I think there's a good bit of truth in this. But I've always found it hard to blame people for not wanting to try that hard. Why would you persevere with someone who made you feel uncomfortable, or was hard work to be around, when there are plenty of people who aren't?

I've come to that conclusion that I make most people uncomfortable. People have told me that I'm 'intense' or 'hard to read' or a 'space cadet' or just 'odd'. Fair enough. That's not how I see myself but the evidence is that people generally won't make any effort to be around me, so there must be something in it.
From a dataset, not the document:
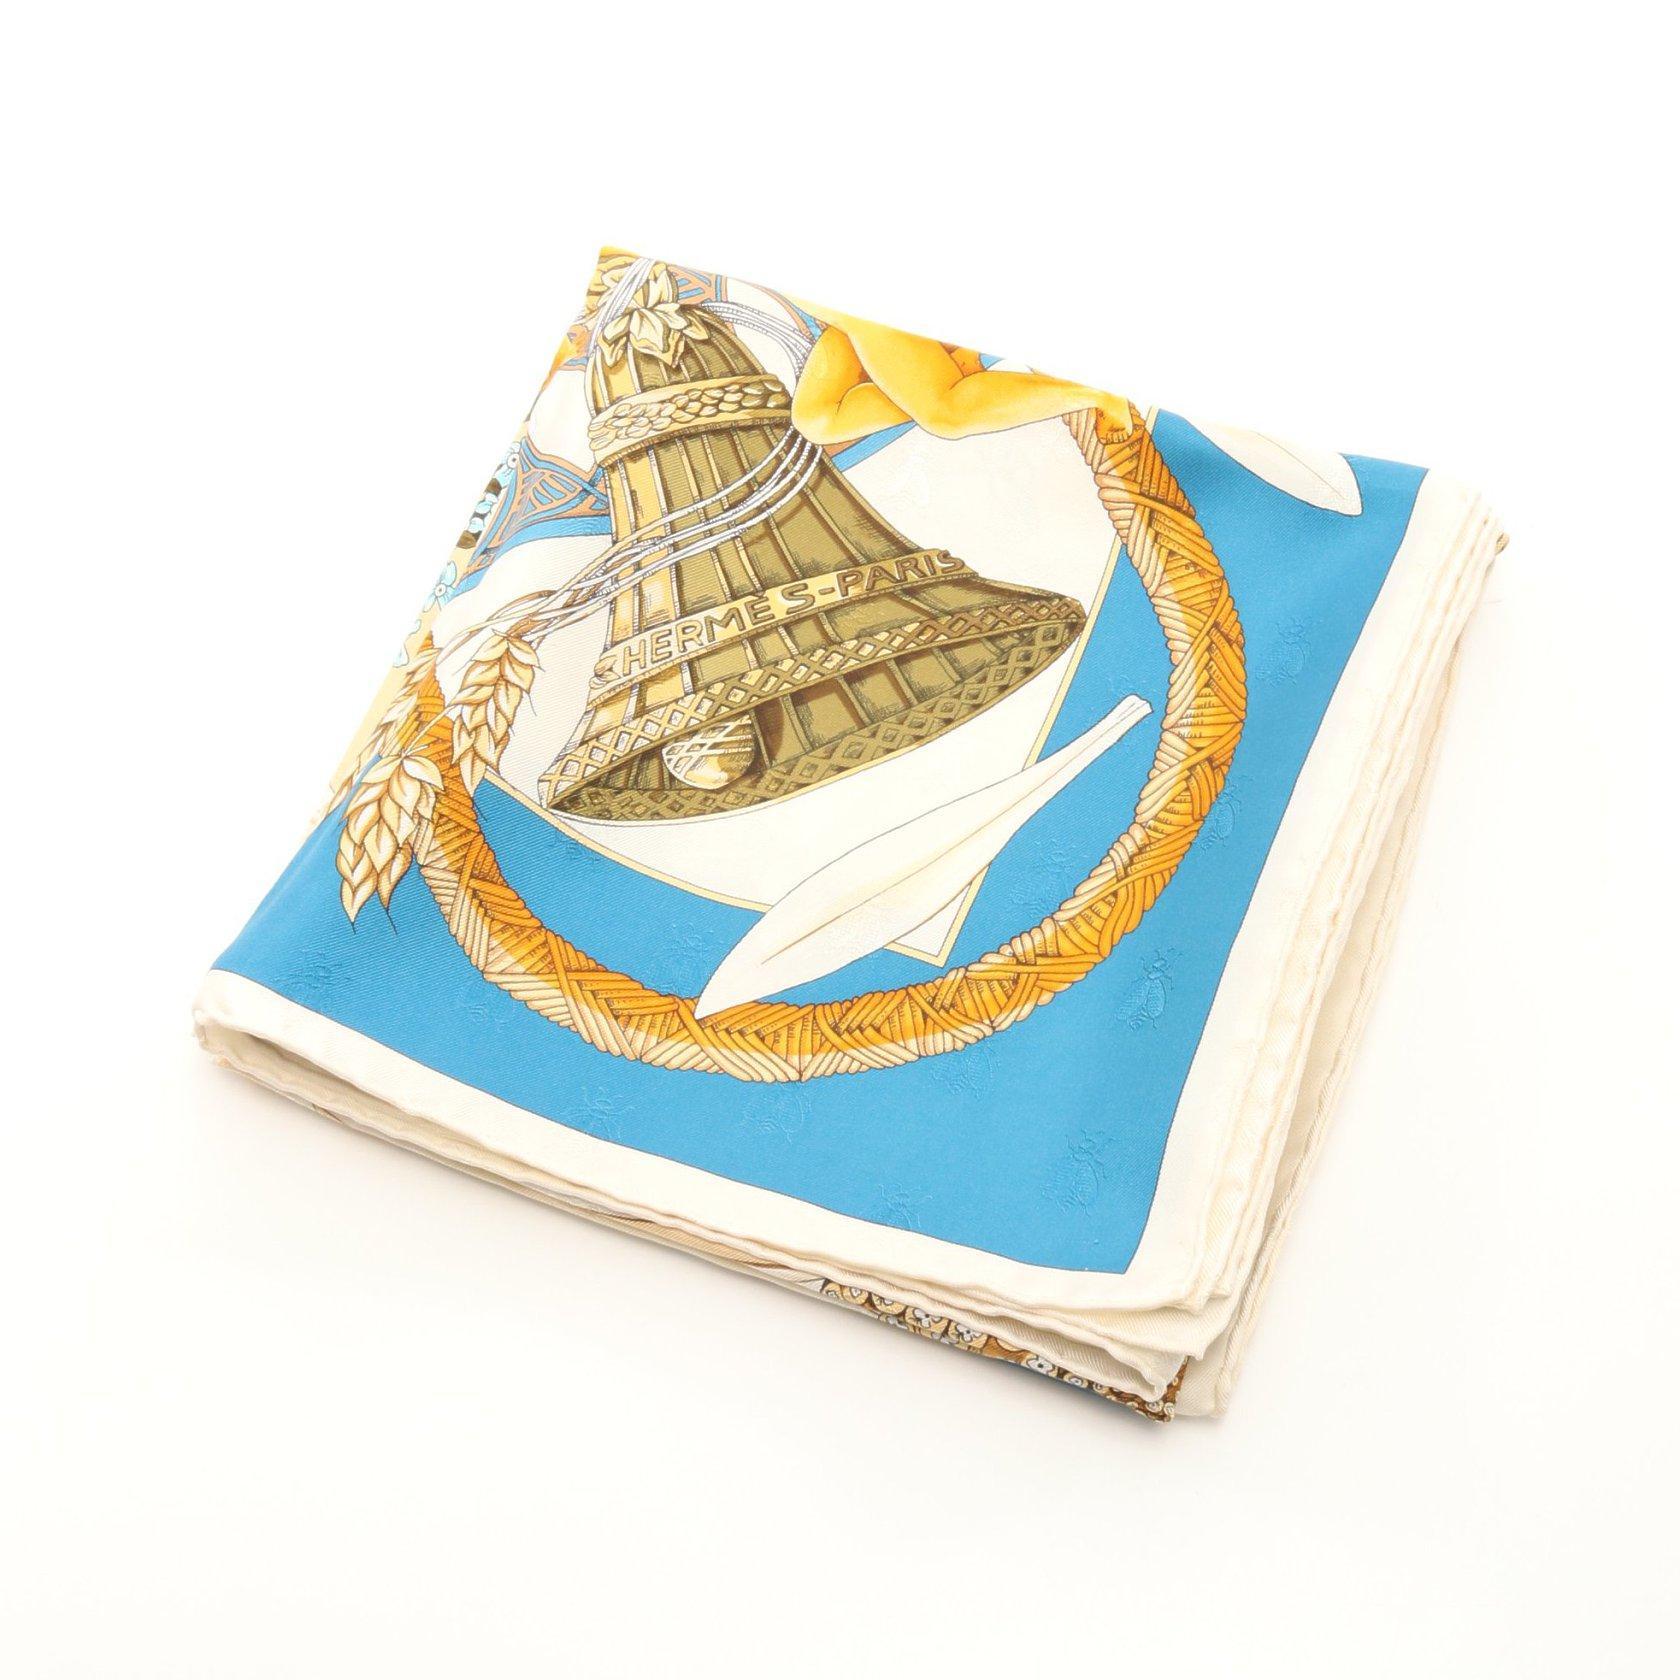 HERMES・財布・小物・カレ90 「Je T'aime Beaucoup Passionnement Un Peu」 スカーフ シルク アイボリー ブルー マルチカラー

But there have been a few people who have got beyond that and I think when people do, I pay them back - I think I'm worth knowing, is what I mean. I know a lot of stuff about a wide variety of subjects. I can be funny, once you realise my sense of humour is somewhere off to the left of where most people's is and learn when I'm joking. The best friendships I've had are with people who appreciate my jokes.

I've been told I make connections that other people don't and say things which are unexpected and surprising - which I prefer to take as a compliment. Someone also once said I was like a 3-dimensional person when most people are 2D, which is probably the nicest thing anyone has ever said about me.

But I also don't think I look after my friends very well. I can go long periods without thinking of them, without seeing them or trying to contact them. That's not good friend behaviour.

I hope if I ever have another good friend, I'll be better. It's been a long time since I've had any friends at all really.

But I very much agree that trying to be more normal just results in us coming across even more weird than we even are. I think the usefulness of masking becomes less over time, and the trouble is by the time we realise we don't have to anymore, the behaviour has become quite embedded and hard to unlearn.